- Born: 1974 (age 51–52) Japan
- Occupation: Stone artist

= Akie Nakata =

Japanese stone artist

Akie Nakata (born 1974) is a Japanese stone artist. She is known for her paintings of animals on rocks, which she has stated are guided by the shape of the rock. She has gone viral for her work.

==Biography==
She was born in 1974. She has stated that from a young age, she loved animals, art, and rocks. She attended university to study art education. She began working as a stone artist in 2011, after encountering a stone that she stated looked like a rabbit, taking it home, and painting it into a rabbit. She is a self-taught artist.

Her best-known work is her paintings of animals on stones utilizing acrylic gouache.

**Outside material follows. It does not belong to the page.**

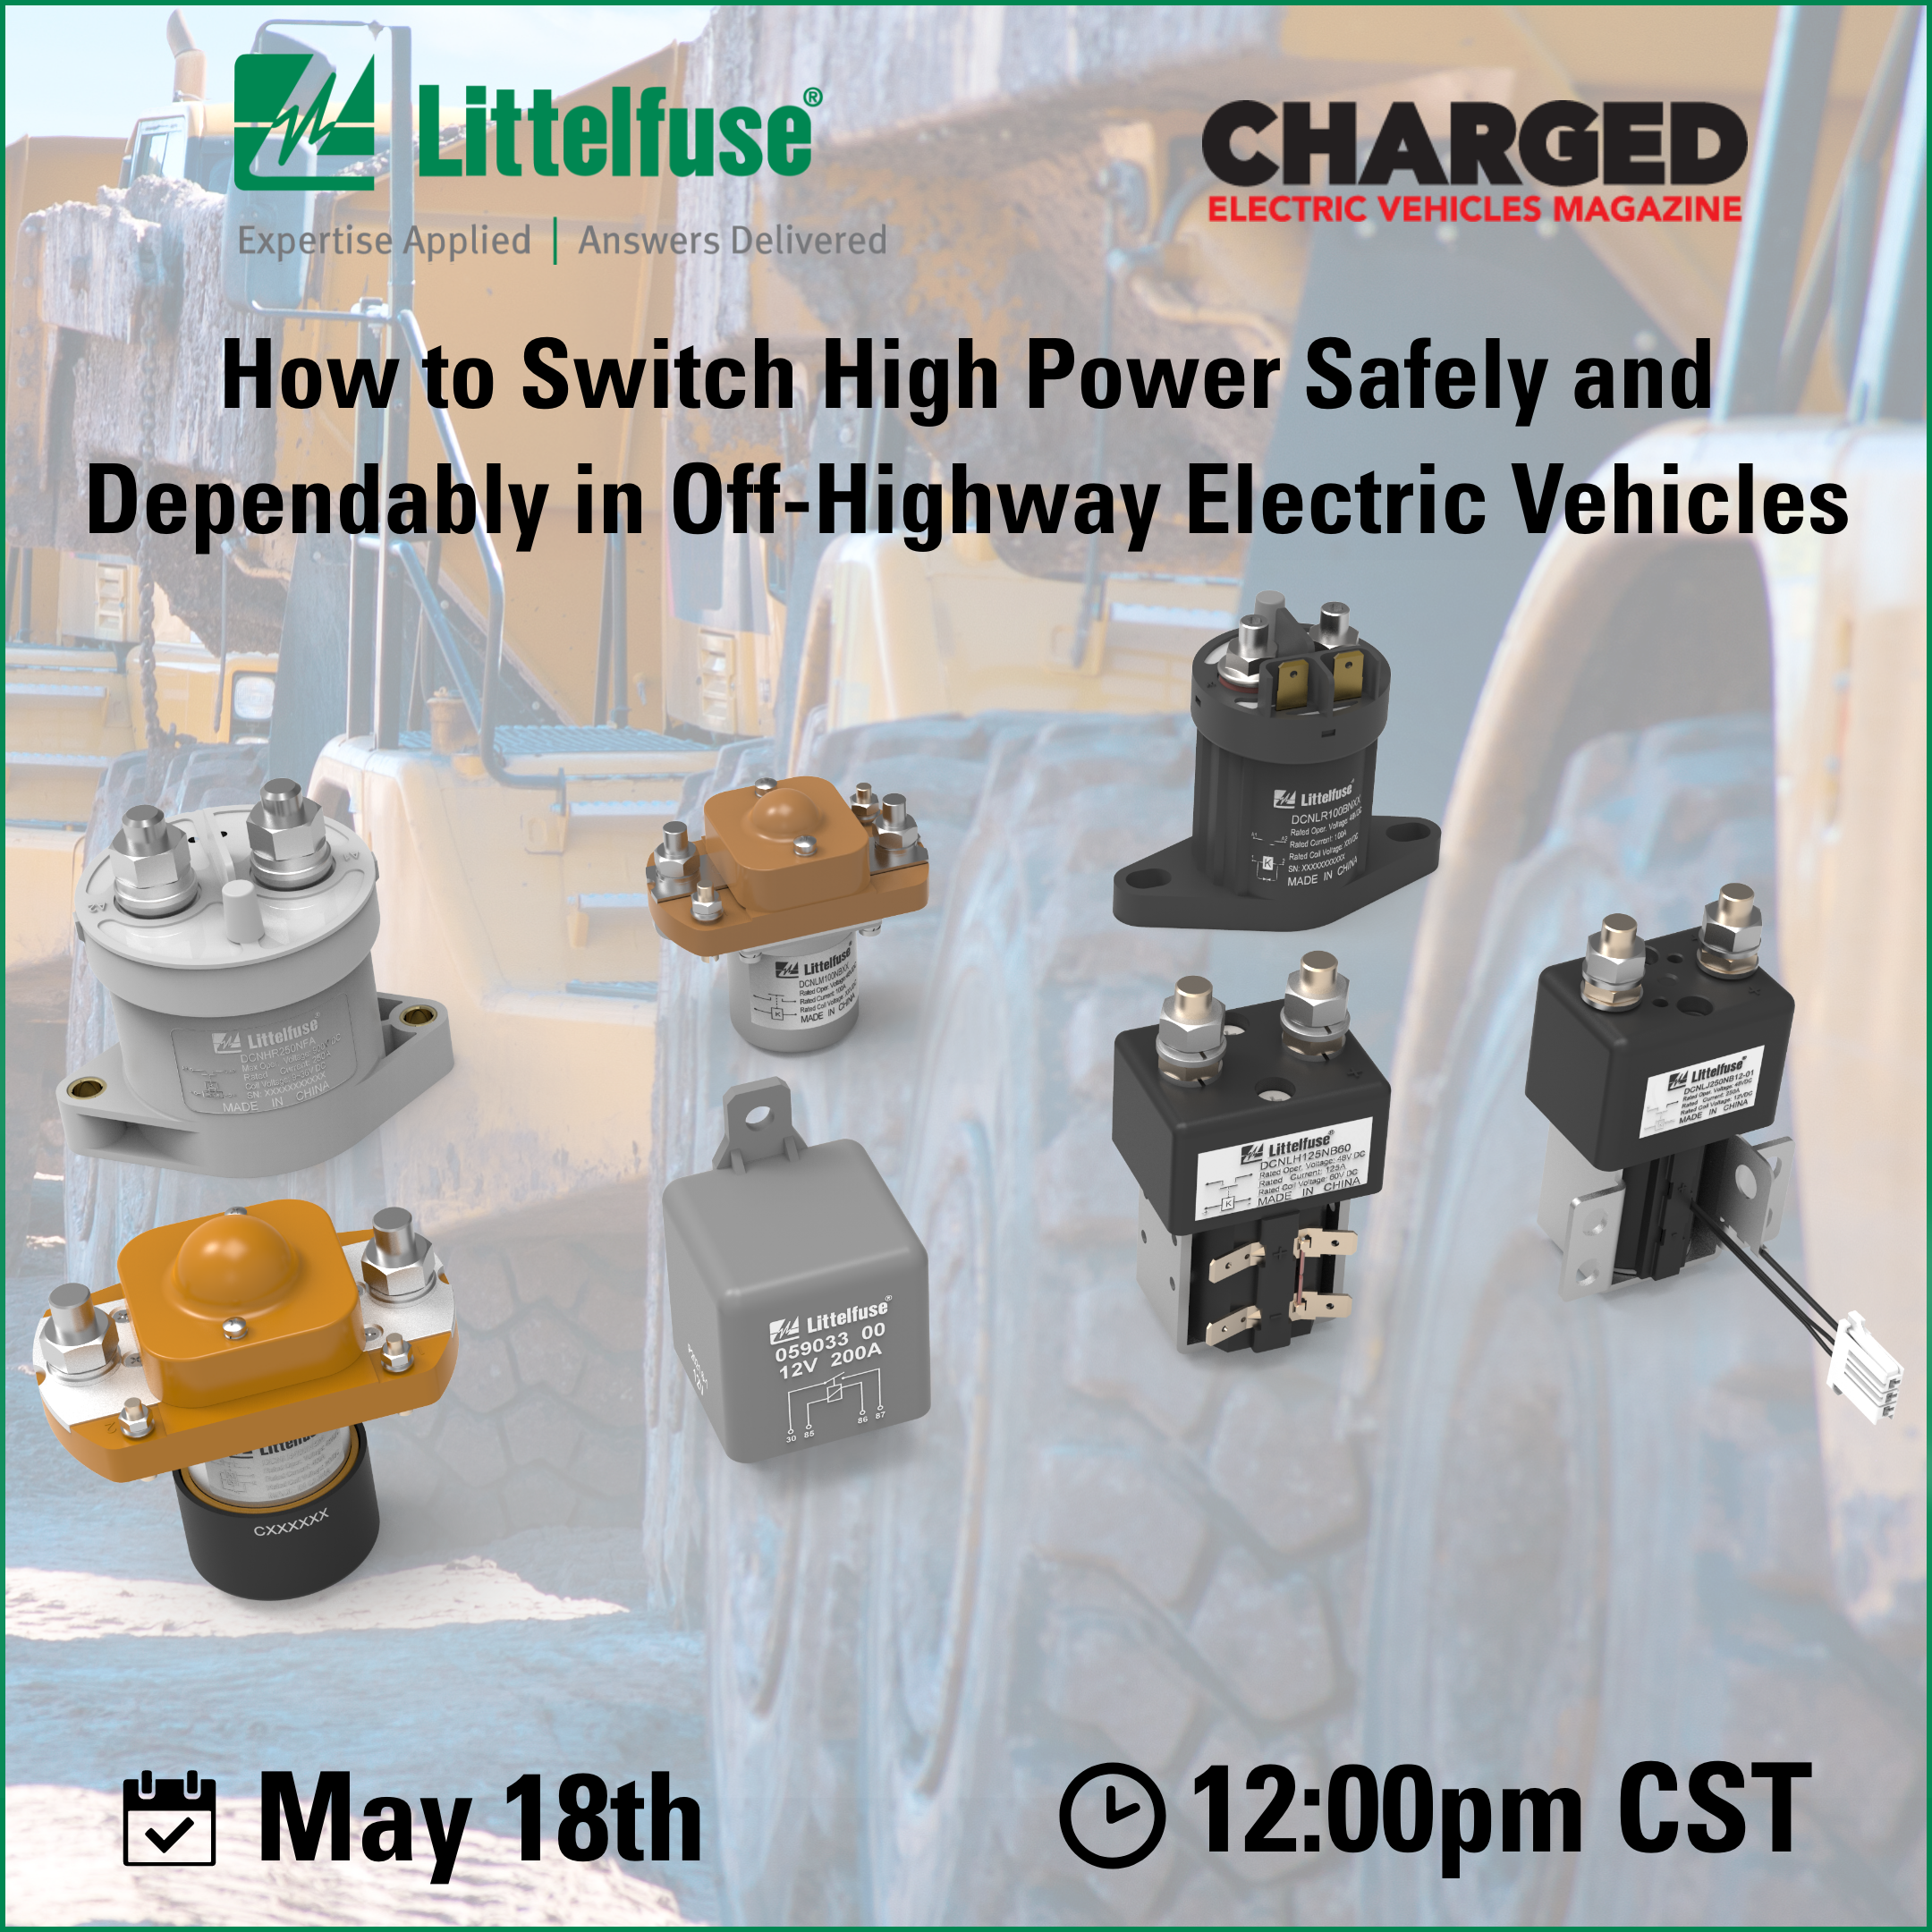 Upcoming Webinar: Switching Power in Off-Highway Electric Vehicles

She has stated that she collects the stones she utilizes in her work from riverbanks in Saitama Prefecture, and claims to never alter the shape or surface of the rocks. She has said she paints "the animal that she feels is inside the stone". She has also stated that the correct stone finds her, and described her work as a "collaboration between two fragments on earth". She sometimes talks to the stones. She paints the body of the animal first, before ending with the eyes.

According to Forbes, her works frequently sell in less than ten minutes on Facebook, for between 300 and 1500 dollars. She also sells her work through the Seizan Gallery and a department store, both in Tokyo. She had a solo exhibition at Seizan Gallery in 2019.

She collects Zuni fetishes. All About Japan has speculated that this is an inspiration behind her work.